-------- Recorded information --------
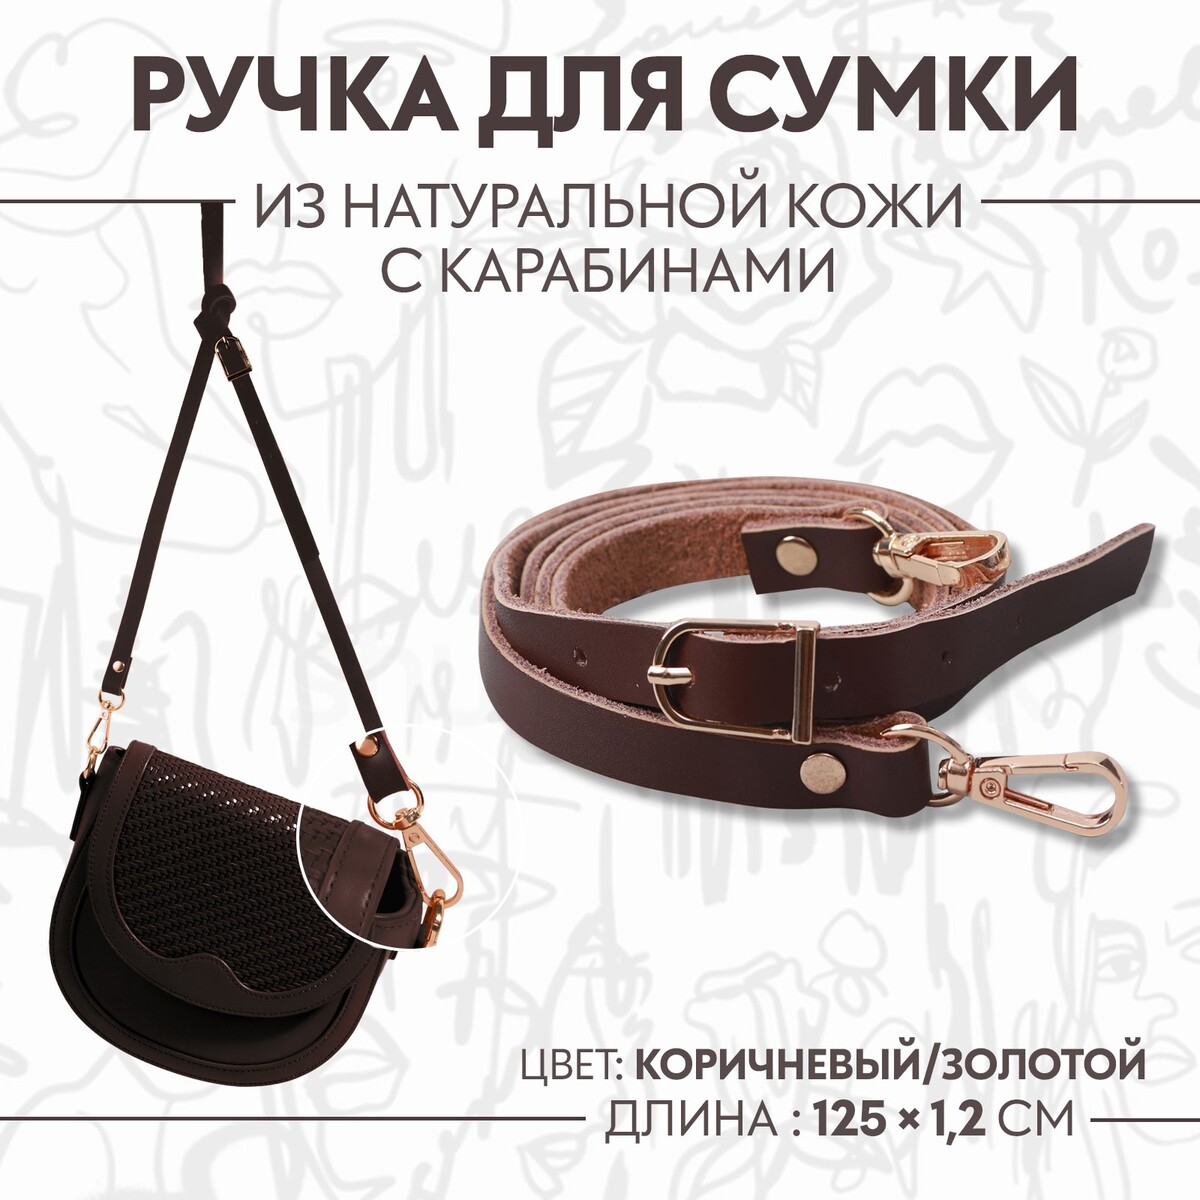 Ручка для сумки из натуральной кожи, с карабинами, 125 × 1,2 см, цвет коричневый ручка шнурок для сумки с карабинами 120 × 0 6 см коричневый
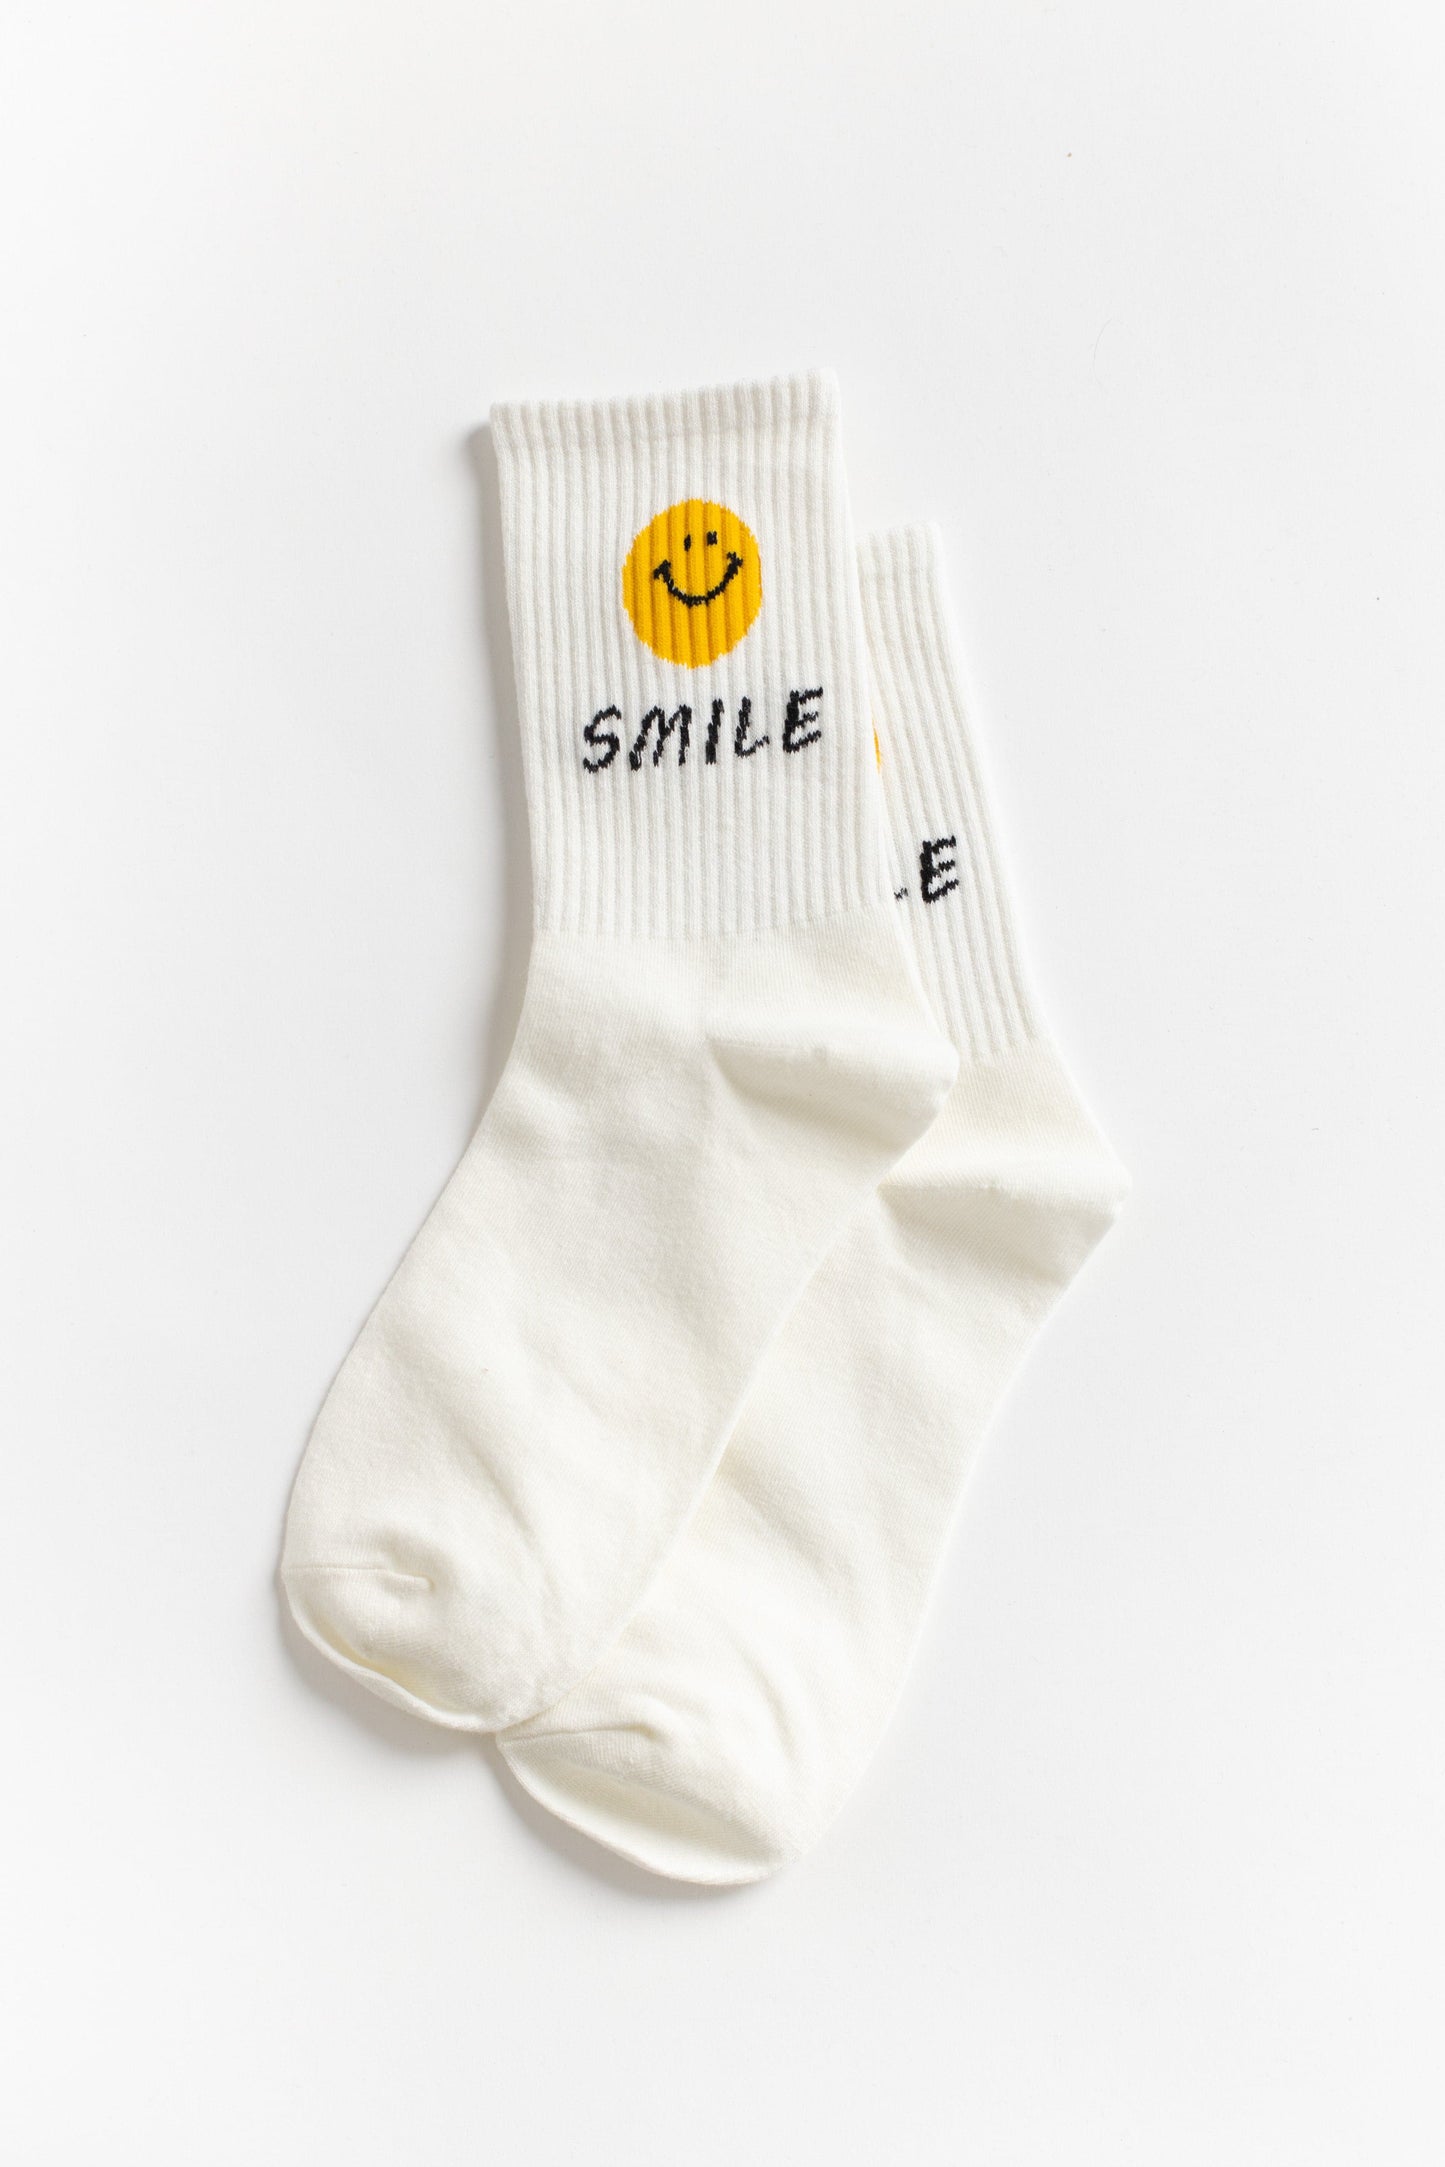 Smiley Quarter Socks WOMEN'S SOCKS brass & roe 
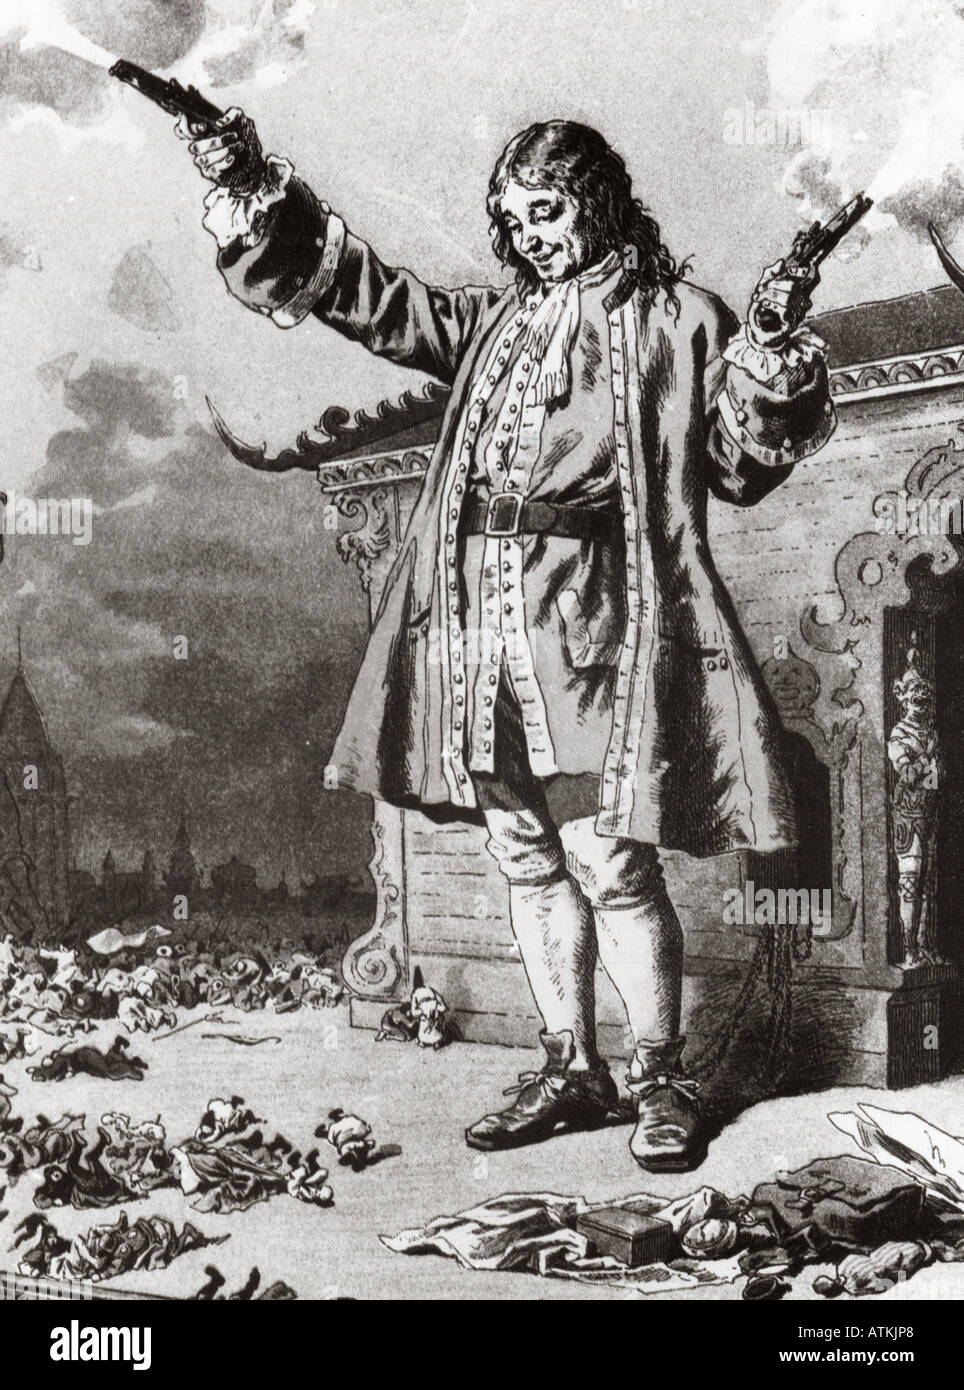 Les voyages de Gulliver 1726 illustration pour le roman de Jonathan Swift - voir description ci-dessous pour plus de détails Banque D'Images
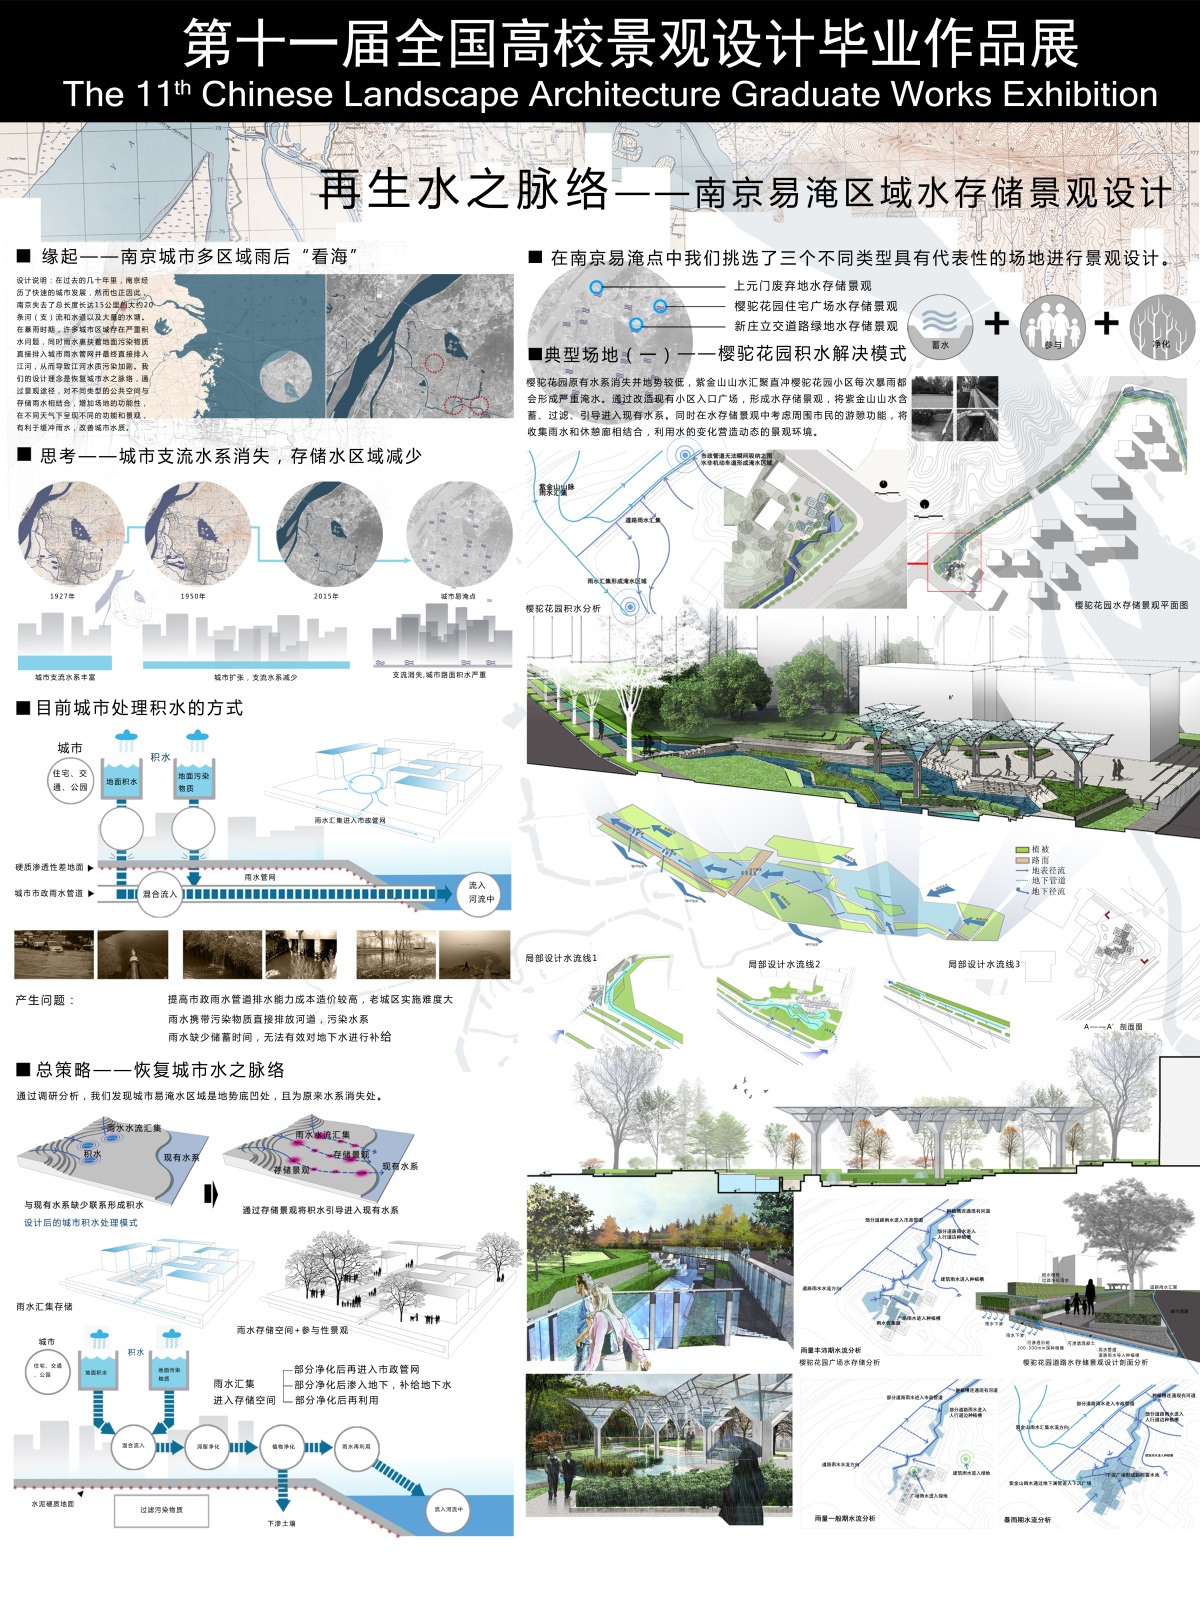 再生水之脉络——南京易淹区域水存储景观设计-1
--------
Your task:
All of the data must be repeated exactly, except for the pictures.

Completed exercise:
 Ручка для сумки из натуральной кожи, с карабинами, 125 × 1,2 см, цвет коричневый ручка шнурок для сумки с карабинами 120 × 0 6 см коричневый
 Smiley Quarter Socks WOMEN'S SOCKS brass & roe 
 Les voyages de Gulliver 1726 illustration pour le roman de Jonathan Swift - voir description ci-dessous pour plus de détails Banque D'Images
 再生水之脉络——南京易淹区域水存储景观设计-1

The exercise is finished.